Data section
-- -- --

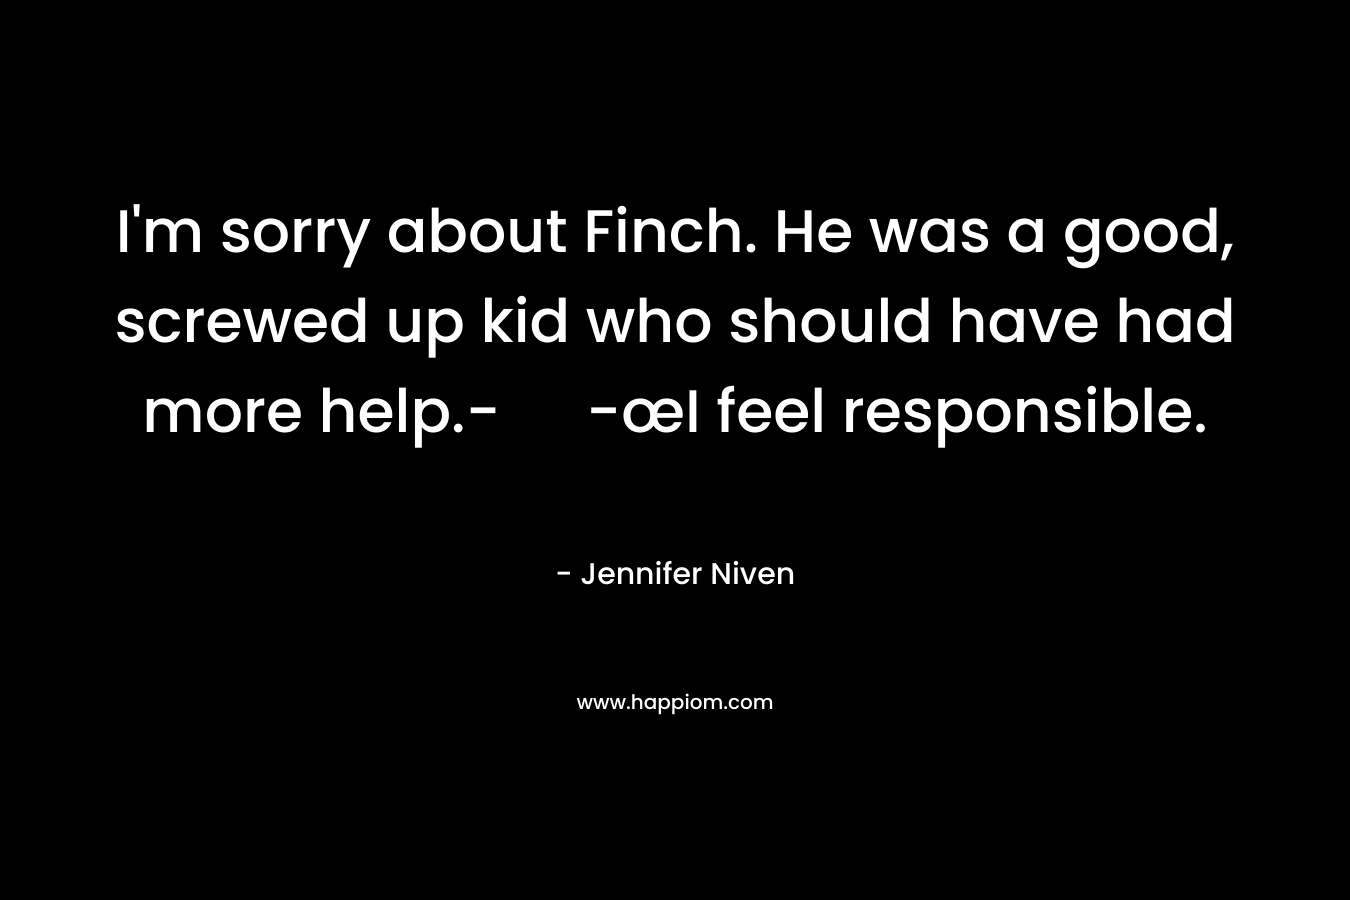 I'm sorry about Finch. He was a good, screwed up kid who should have had more help.- -œI feel responsible.
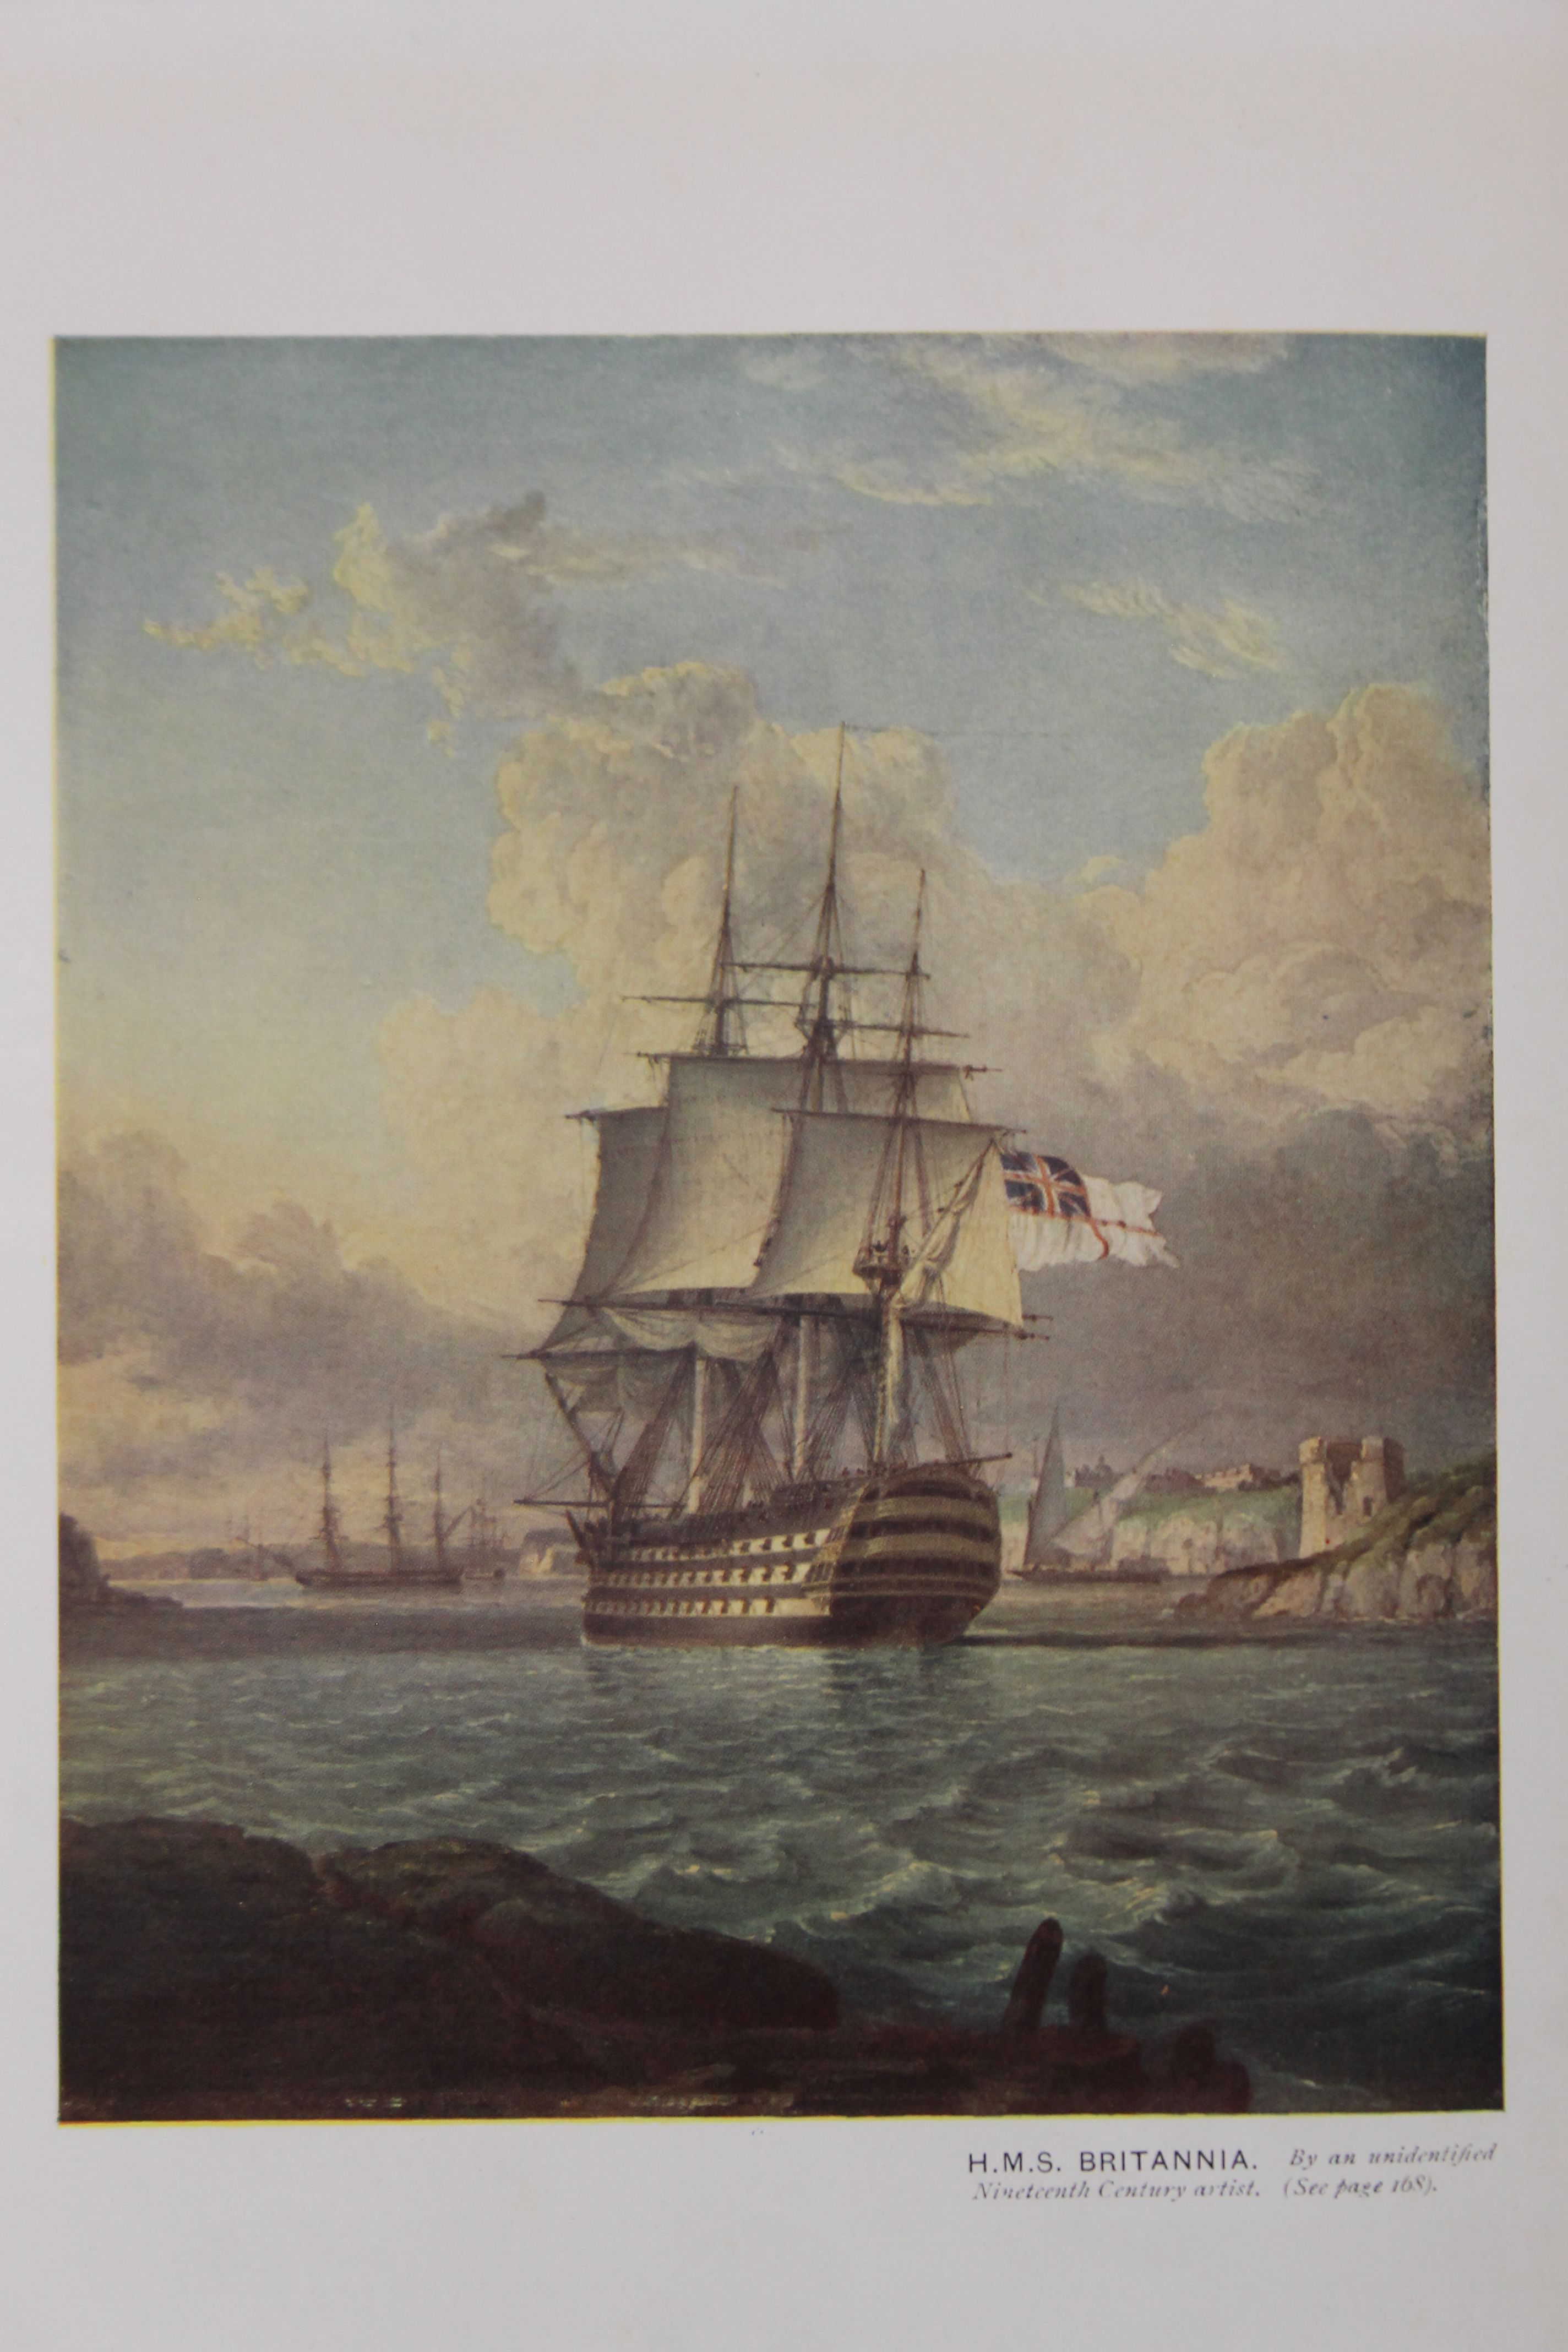 Gavin (C M), Royal Yachts, limited to 100 copies, this copy 43, full morocco, 4to, - Image 17 of 18
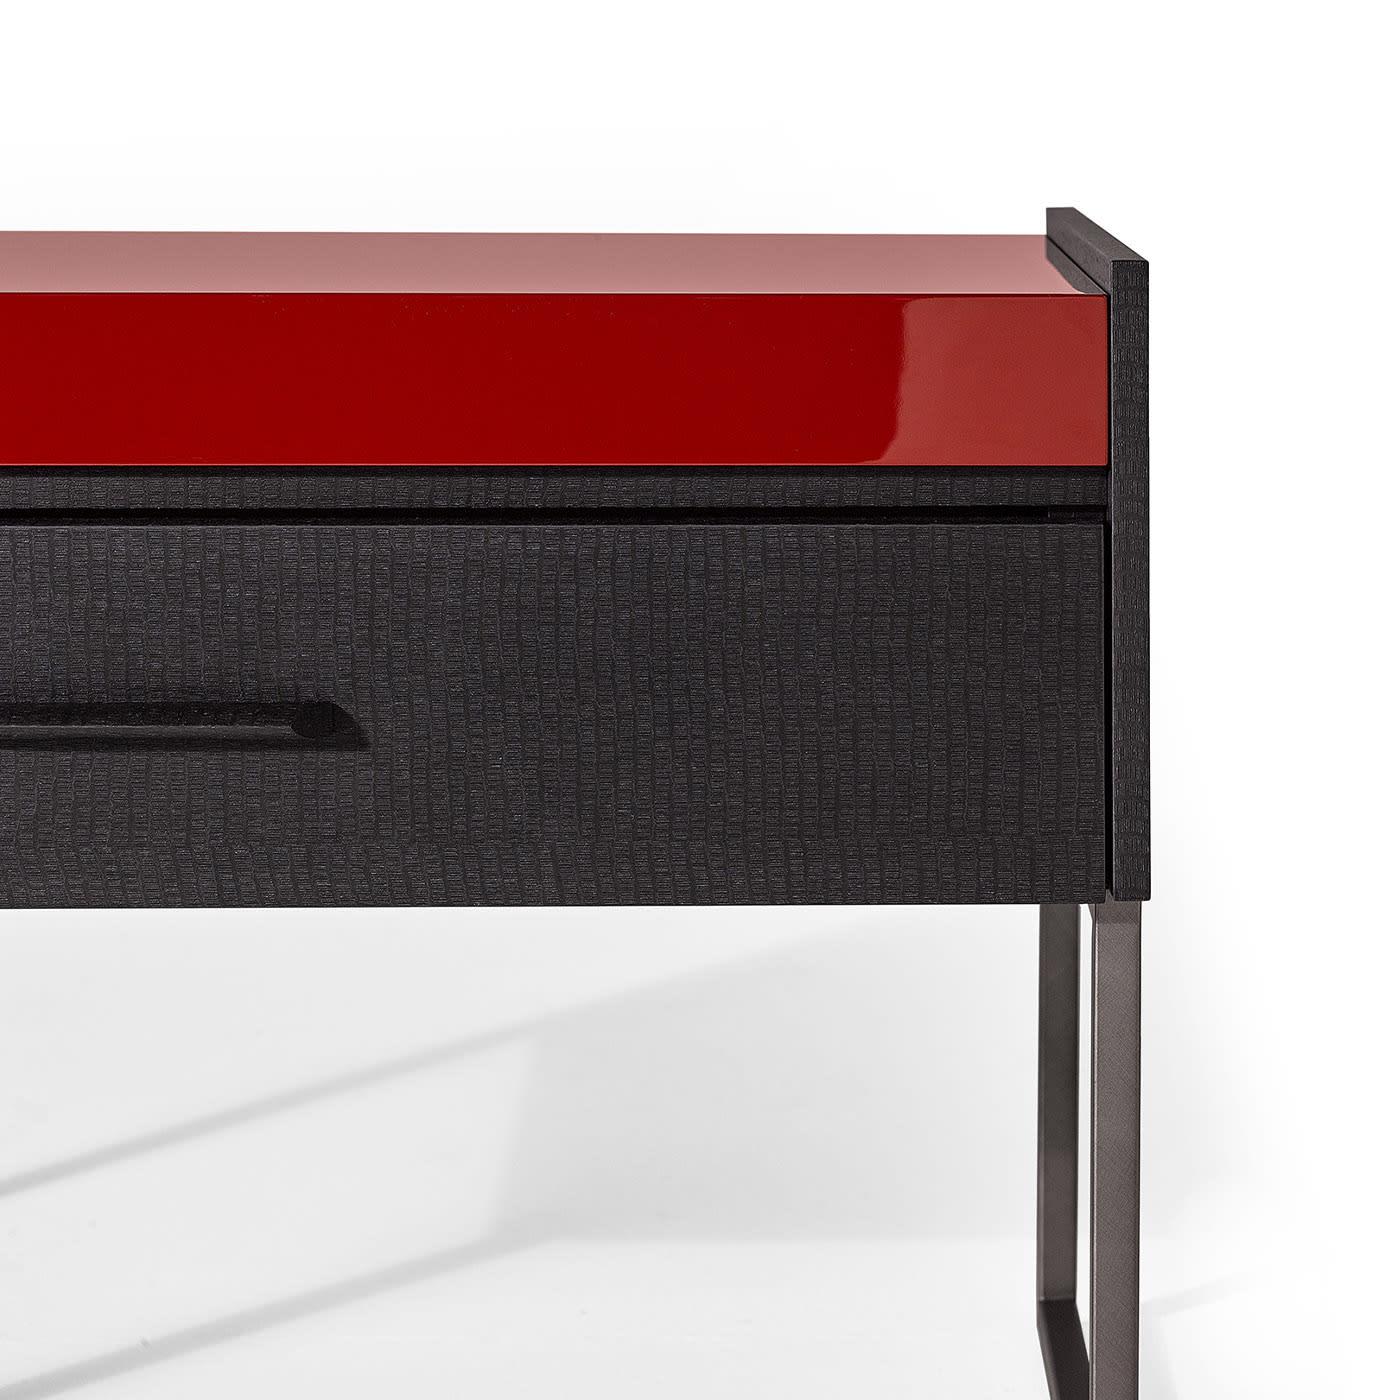 Bedside table composed of 1 drawer. Particular finish in veneered wood with a Python effect designed by the architect Piero Lissoni. Made up of metal legs, wooden handle, and glossy red lacquer. Matt Python finish. Graphite metal.
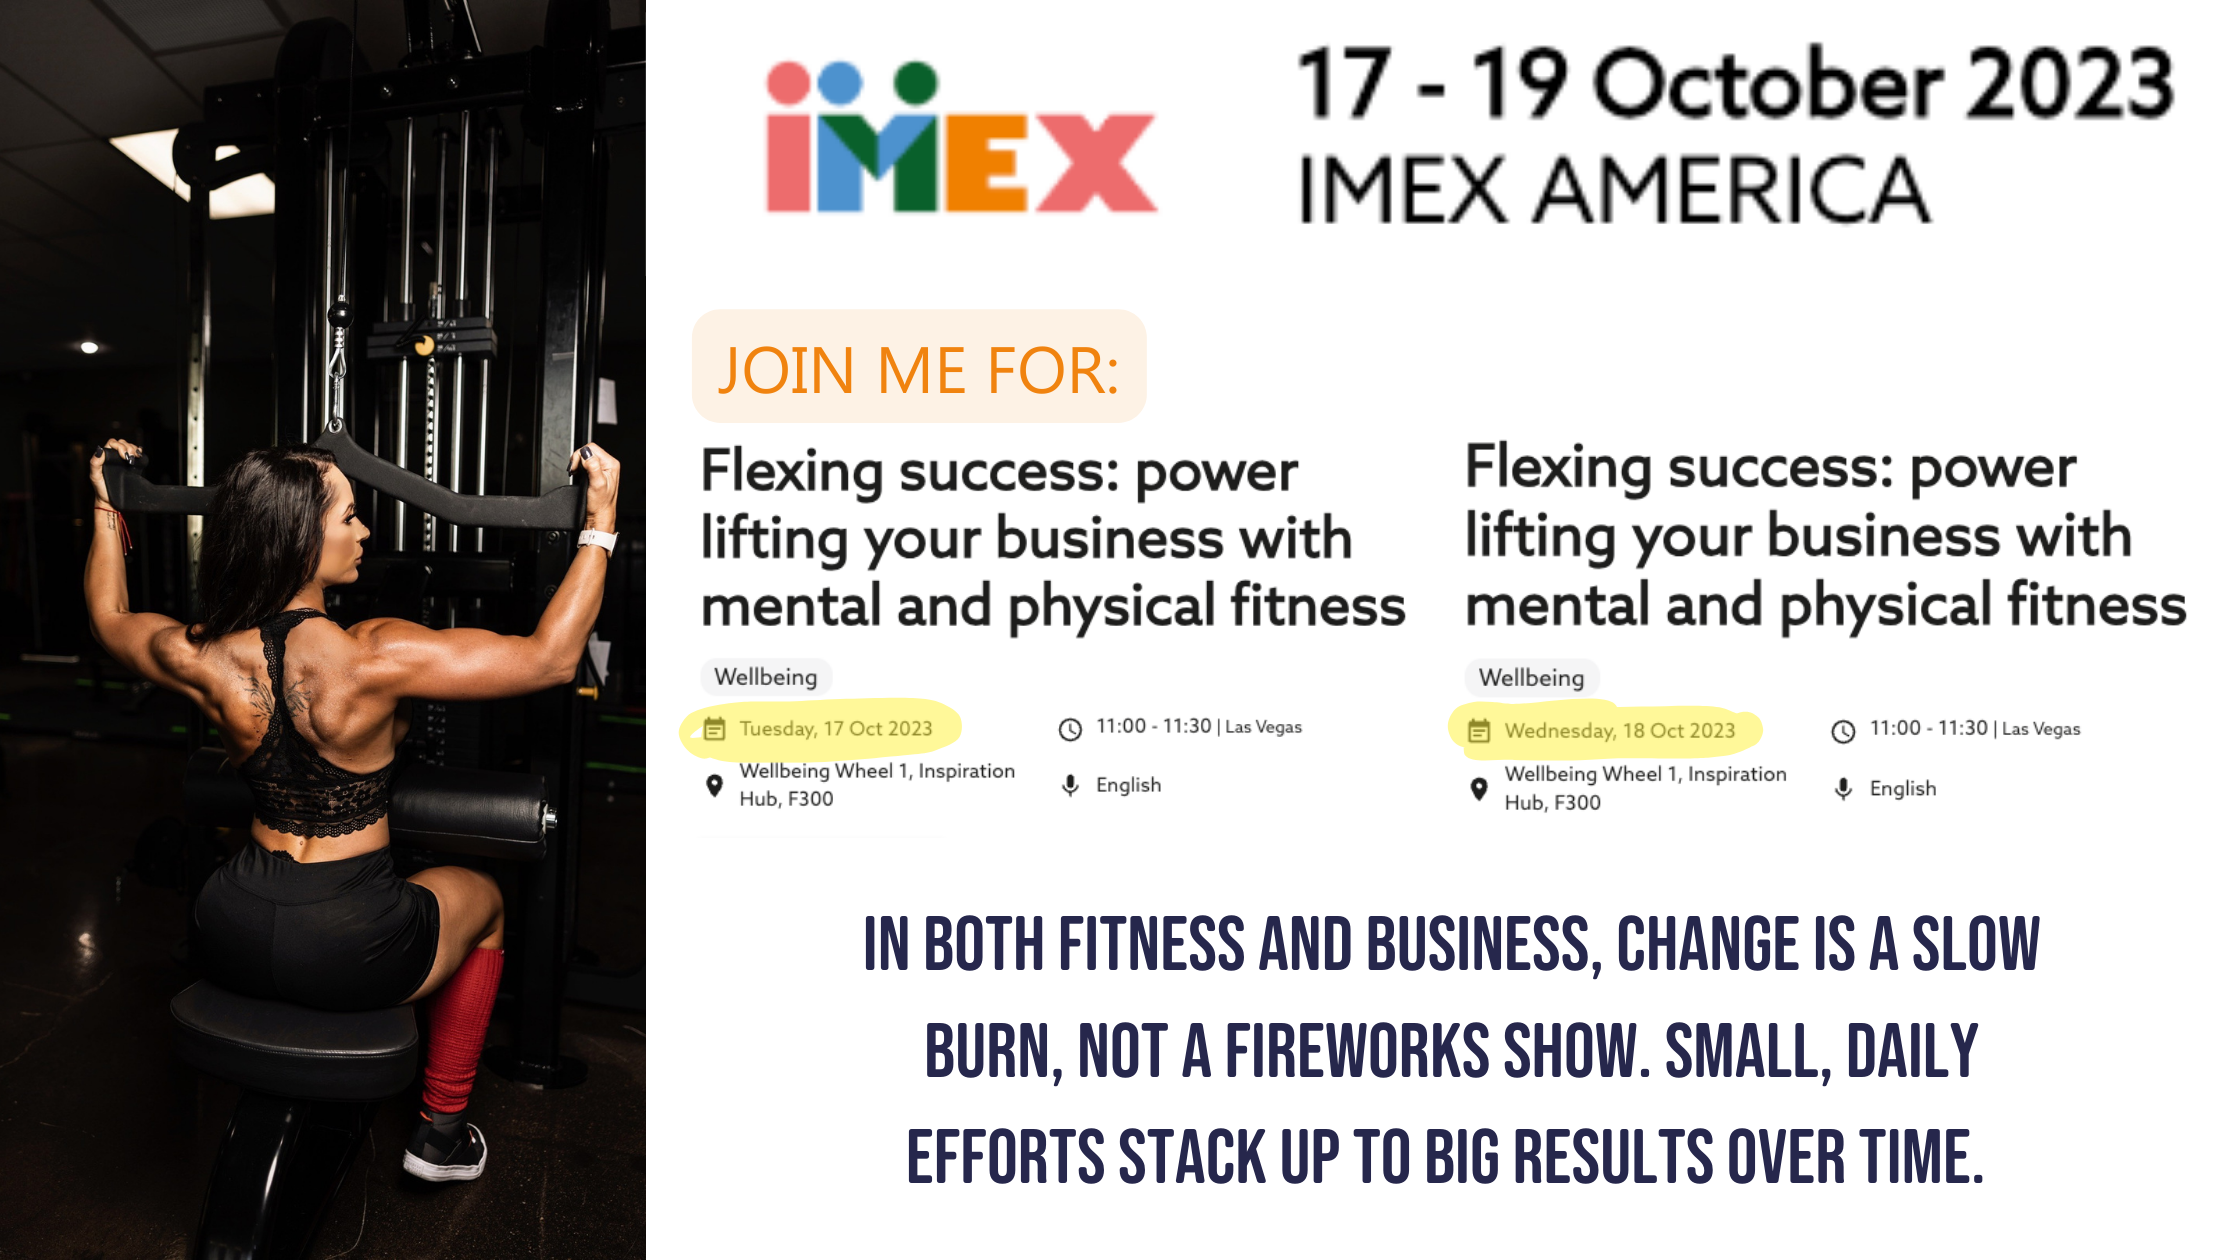 ???? Save the Date: 17th to 18th of October 2023. 17th Tue Sesh Link: https://imexamerica.com/newfront/sessions/17079 18th Wed Sesh Link: https://imexamerica.com/newfront/sessions/17280

-- -- --

What is required
Exactly the lines above, from the one containing "Gavin (C M), Royal" down to the one containing "Bedside table composed", are to be repeated, including both ends. Pictures are not part of the copy.

Exercise output
 Gavin (C M), Royal Yachts, limited to 100 copies, this copy 43, full morocco, 4to, - Image 17 of 18
 Bedside table composed of 1 drawer. Particular finish in veneered wood with a Python effect designed by the architect Piero Lissoni. Made up of metal legs, wooden handle, and glossy red lacquer. Matt Python finish. Graphite metal.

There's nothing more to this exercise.